Provided on jj items prices v_ [j] v [j] , the degree of importance of w_ [j] w [j] , were selected kk items, numbers j_1, j_2 ..., j_kj1, j 2, ..., jk then ask the sum of: v_ [j_1] \ times w_ [j_1] + v_ [j_2] \ times w_ [j_2] + ... + v_ [j_k] \ times w_ [j_k]
Please help Jinming design that meets requirements shopping list.
Input:
two positive integers, separated by a space:
N mNm (where N (<32000) N (< 32000) represents the total amount of money, m (<60) m ( <60) to a desired number of purchase items .) from the 22 th row to row m + 1m + 1, the first line gives the basic data jj number j-1j-1 of the article, each row has 33 non-negative integers
vp qvpq (vv represents wherein the article price (v <10000v <10000), p indicates the degree of importance of the article (1-51-5), qq indicates the article is a primary member or attachments.

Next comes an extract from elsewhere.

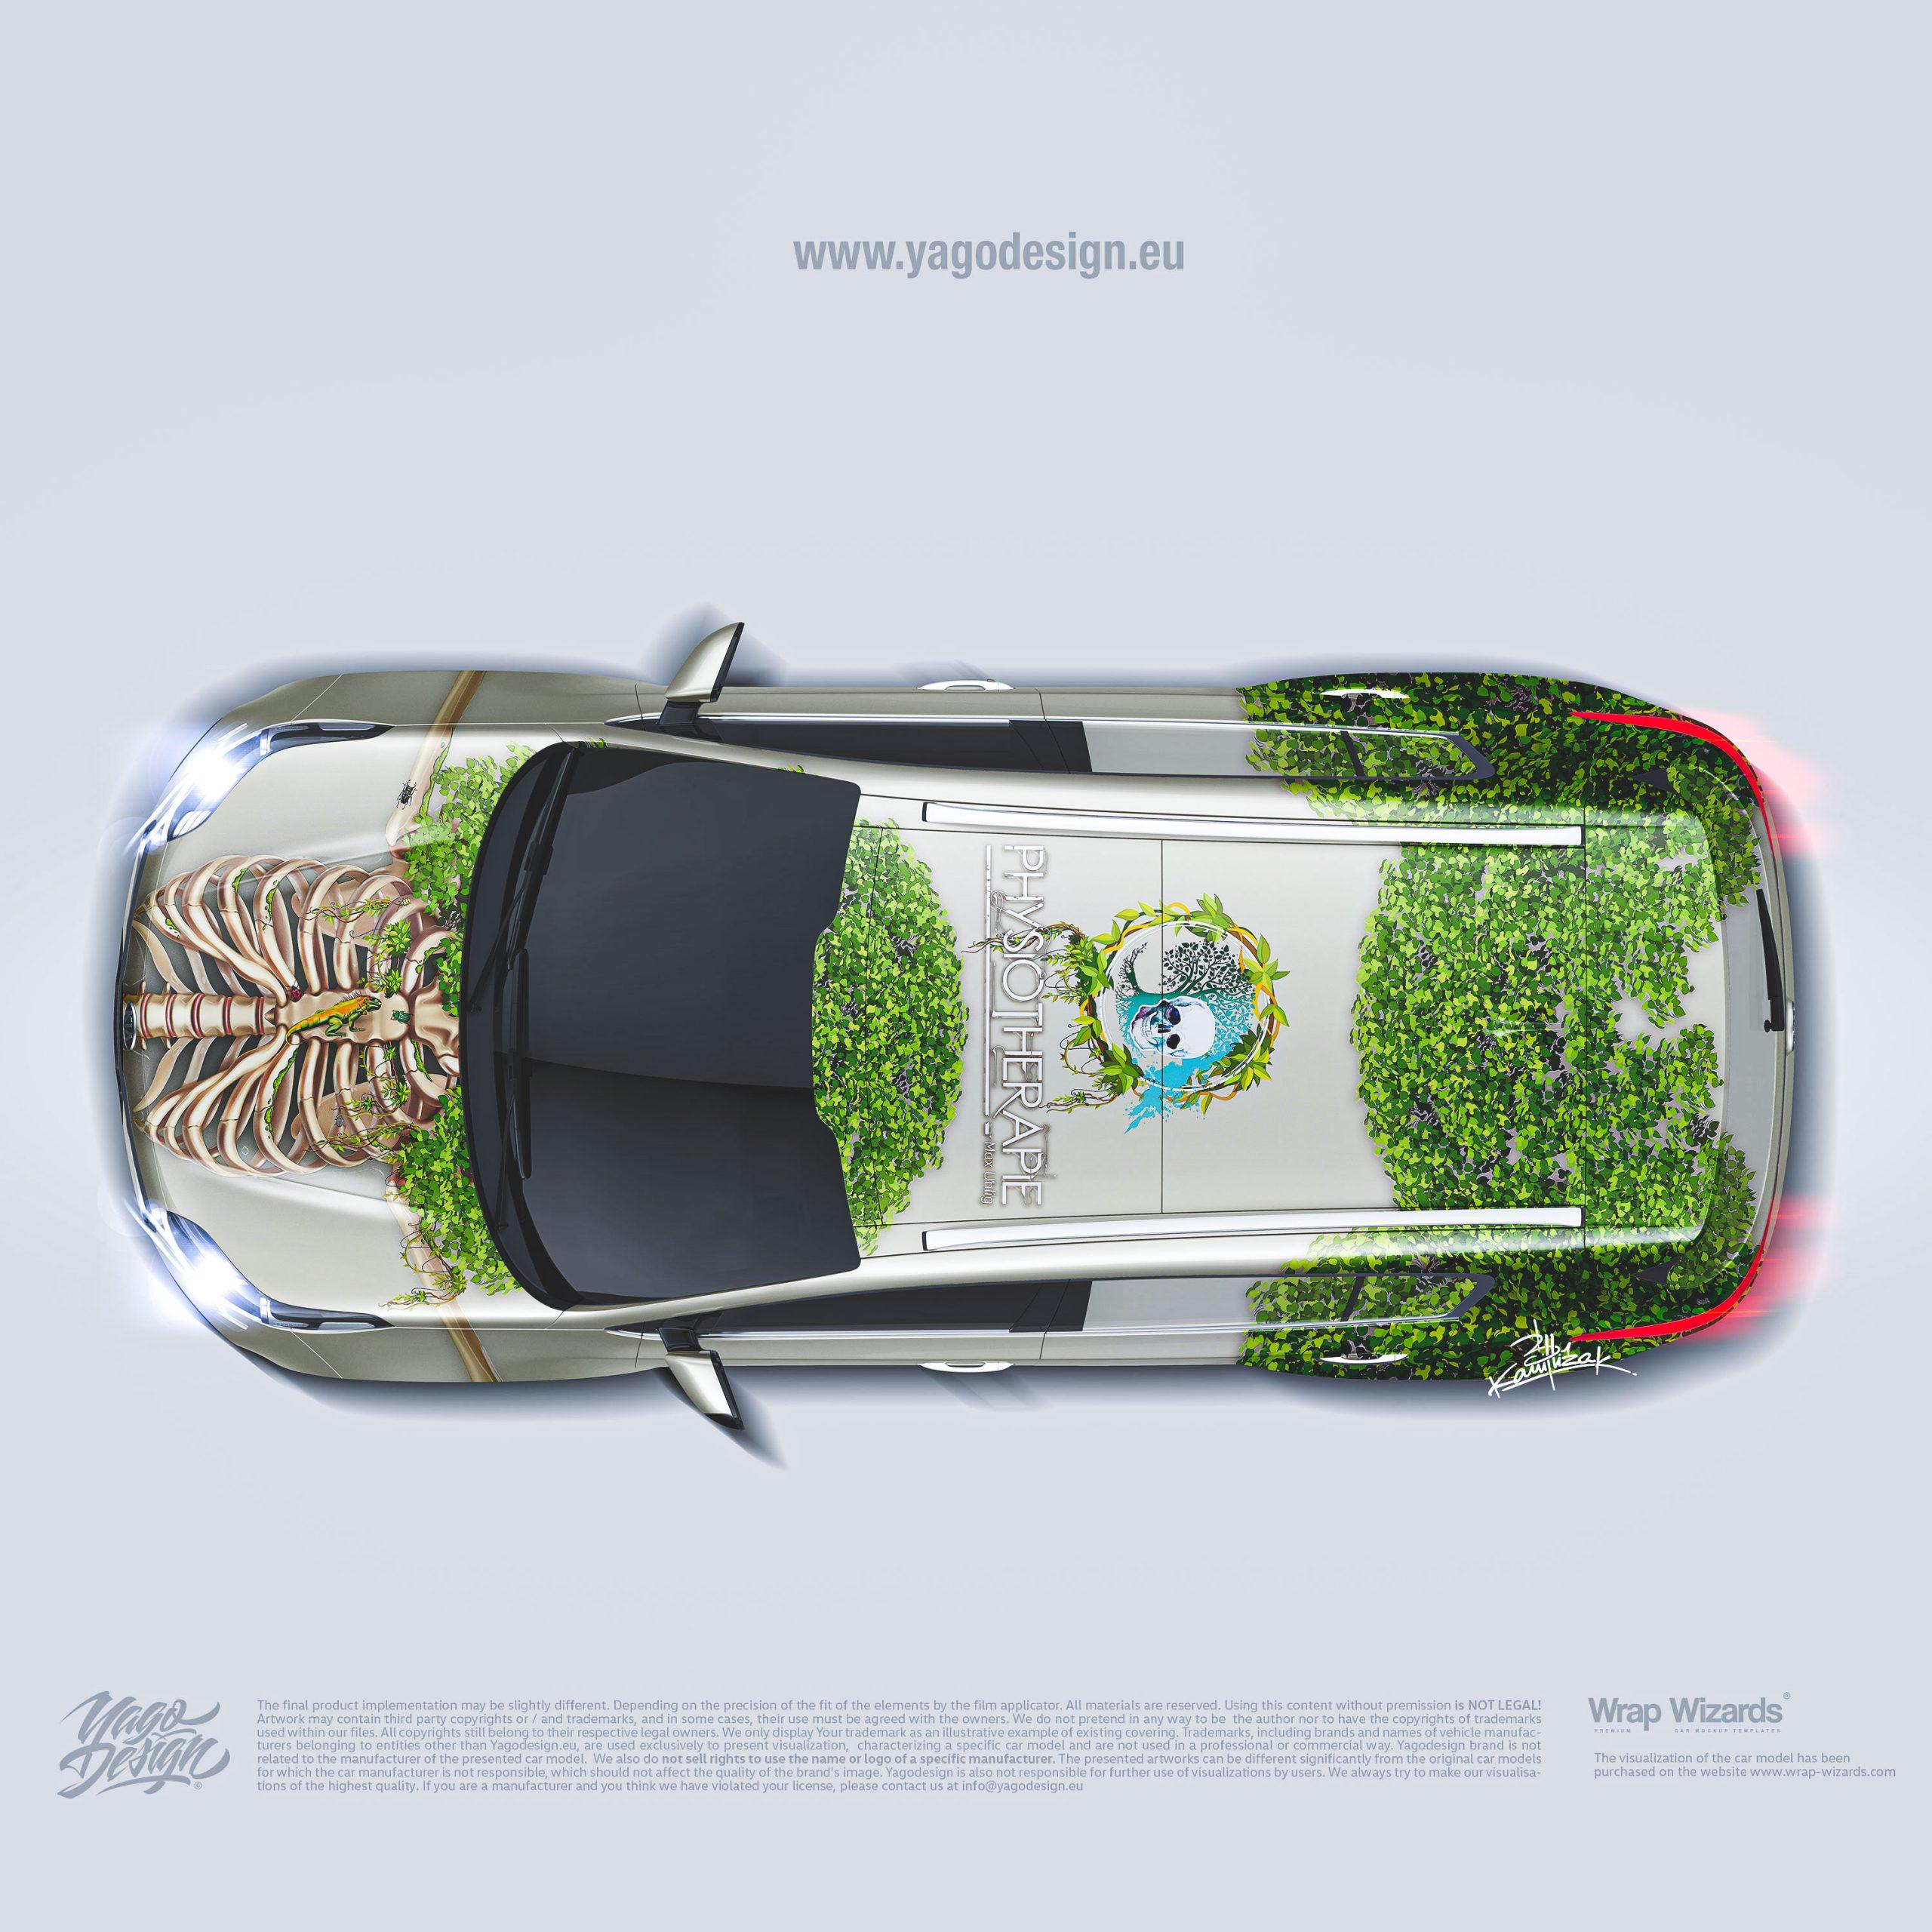 KIA-Sportage-2016-Livery-Design-By-Yagodesign-Automotive-Design-Studio-top-view-scaled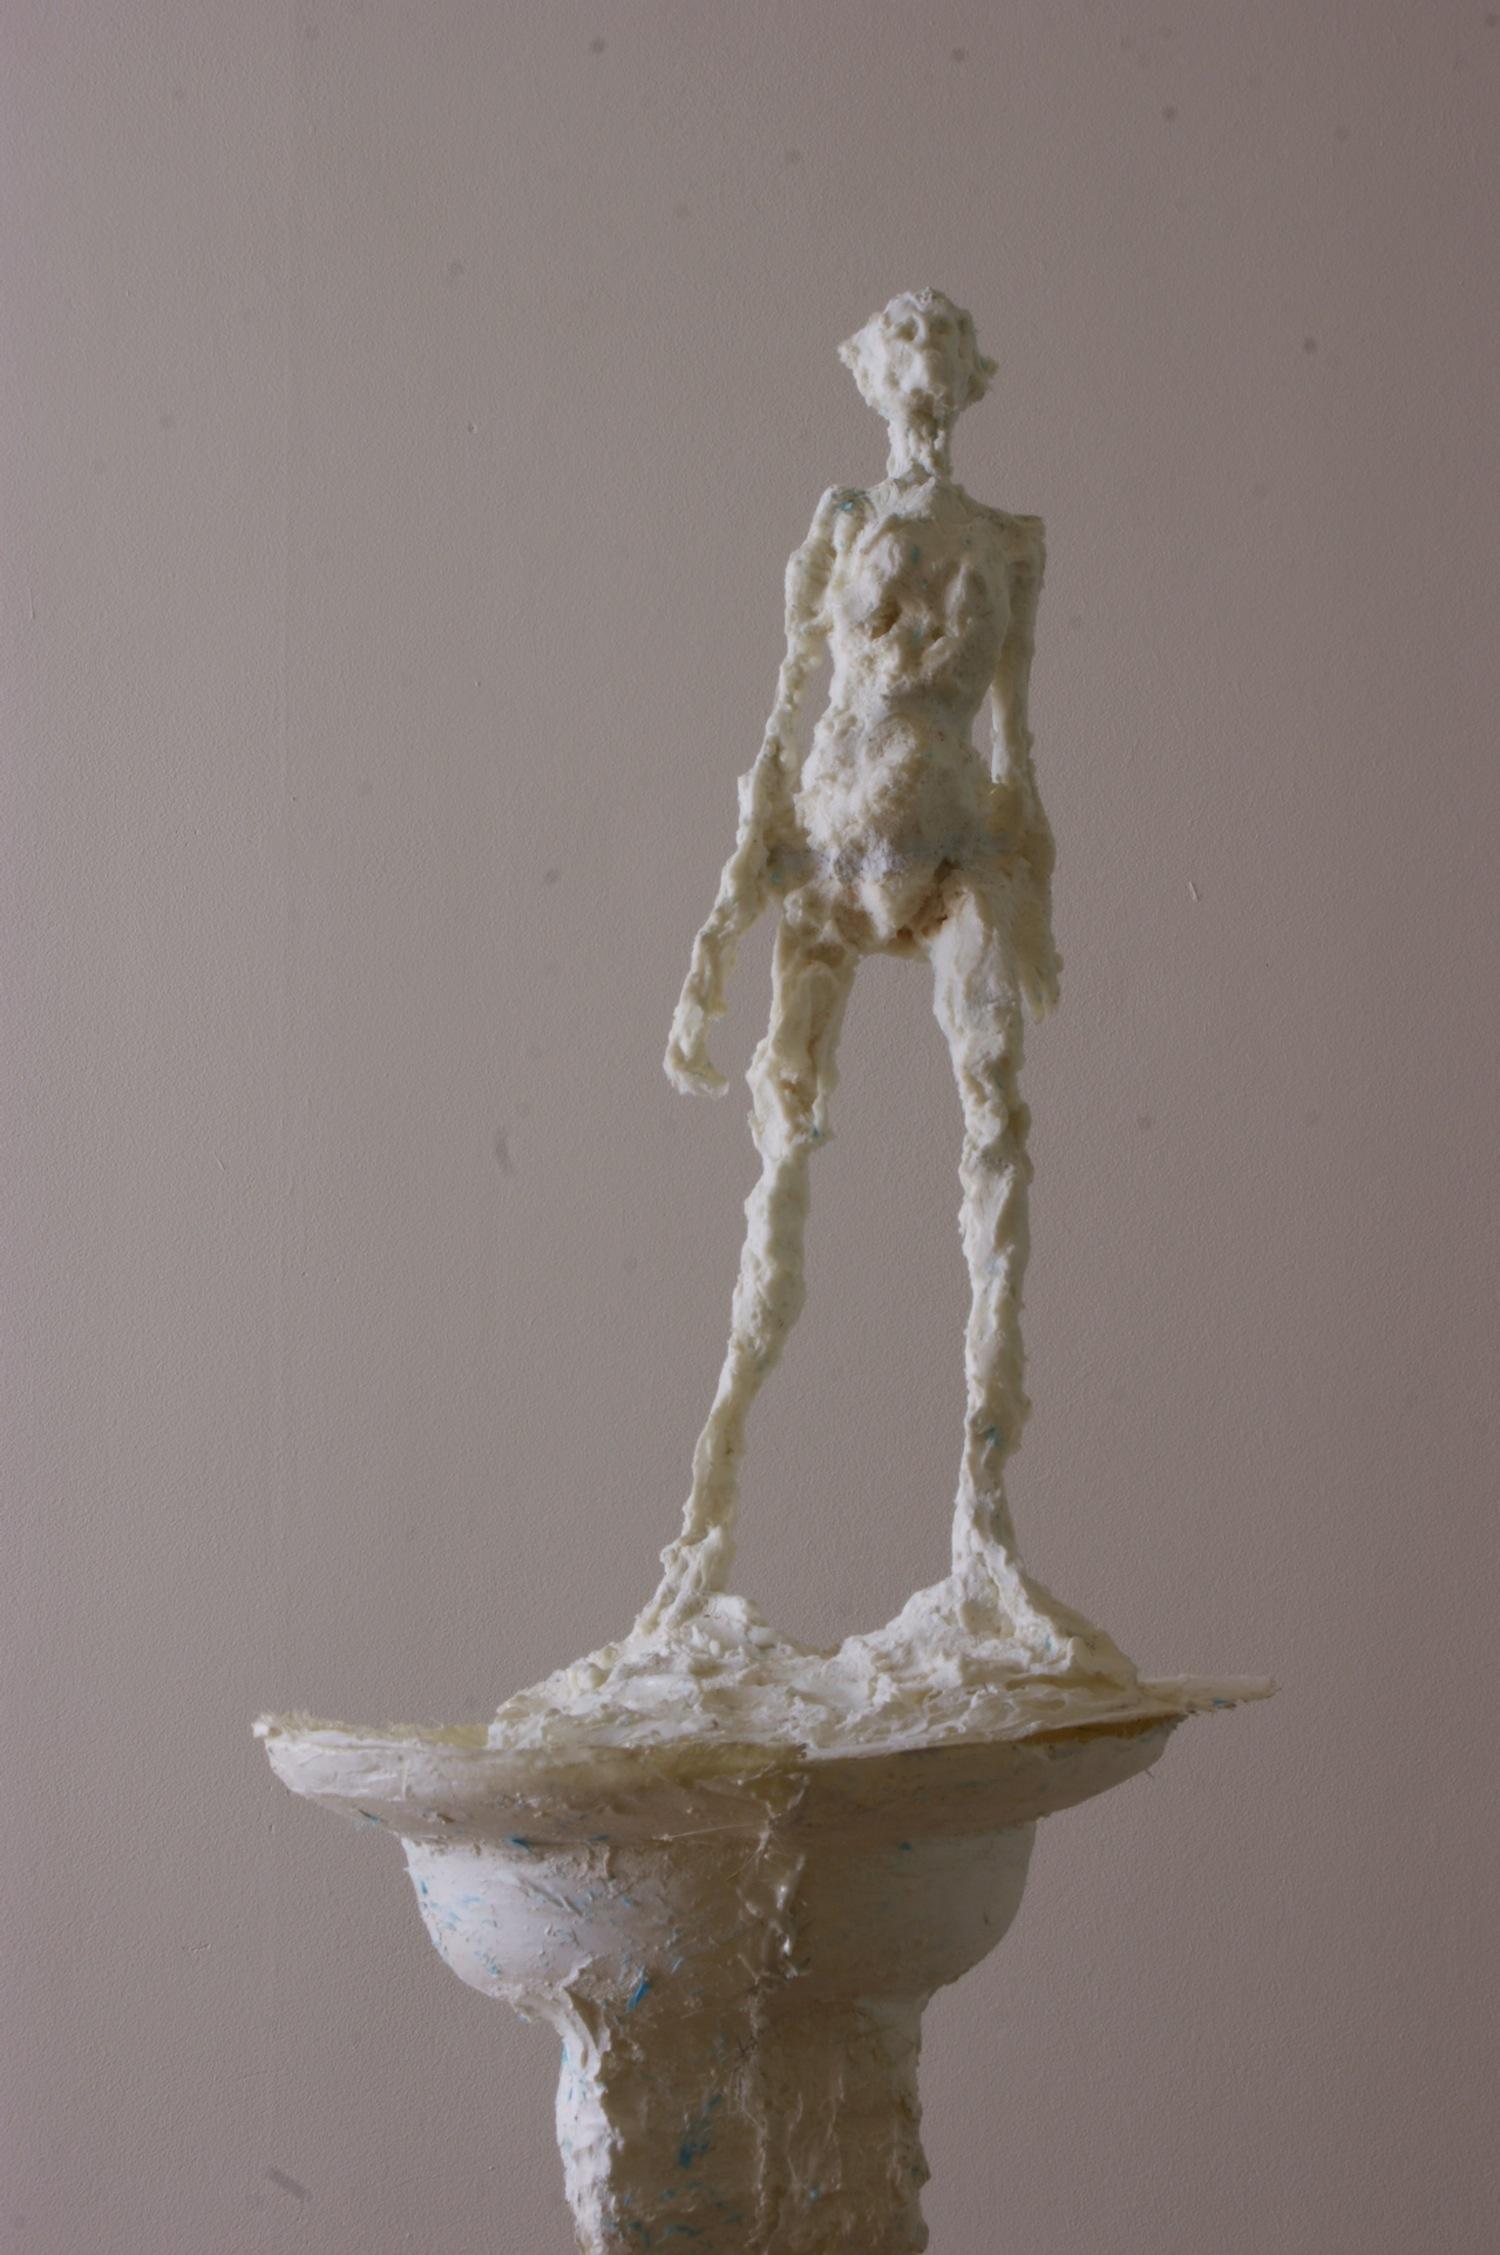 Standard 2 (2011) (detail) Cast polyurethane, fiberglass, plaster

If q = 0q = 0, represents the main element of the article, if q> 0q> 0, indicating that the article is attachment, qq is the number belongs to the main member)
output
The maximum value of a positive integer, and the importance of the product for the price does not exceed the total amount of money is the sum of the items
The backpack and had seen some differences, called dependent backpack, the backpack and the packet is somewhat similar, is composed of the main parts and accessories collection into a group, then run each 01 backpack.
#include<cstring>
#include<cstdlib>
#include<algorithm>
#include<cstdio>
using namespace std;
struct node
{
int v, p, q;
};
node a[65], belong[65][65];
int n, m;
int cnt[65], tot[65], f[32010], v[65][65], p[65][65];
int main()
{
int n, m;
scanf("%d%d", &n, &m);
for(int i = 1; i <= m; i++)
{
scanf("%d%d%d", &a[i].v, &a[i].p, &a[i].q);
if(a[i].q)
{
tot[a[i].q]++;
belong[a[i].q][tot[a[i].q]] = a[i];
}
}
for(int i = 1; i <= m; i++)
{
if(tot[i])
{
memset(f, -1, sizeof(f));
f[0] = 0;
for(int j = 1; j <= tot[i]; j++)
for(int k = n - a[i].v; k >= belong[i][j].v; k--)//跑出恰好背包
{
if(f[k] < f[k - belong[i][j].v] + belong[i][j].v * belong[i][j].p && f[k - belong[i][j].v] != -1)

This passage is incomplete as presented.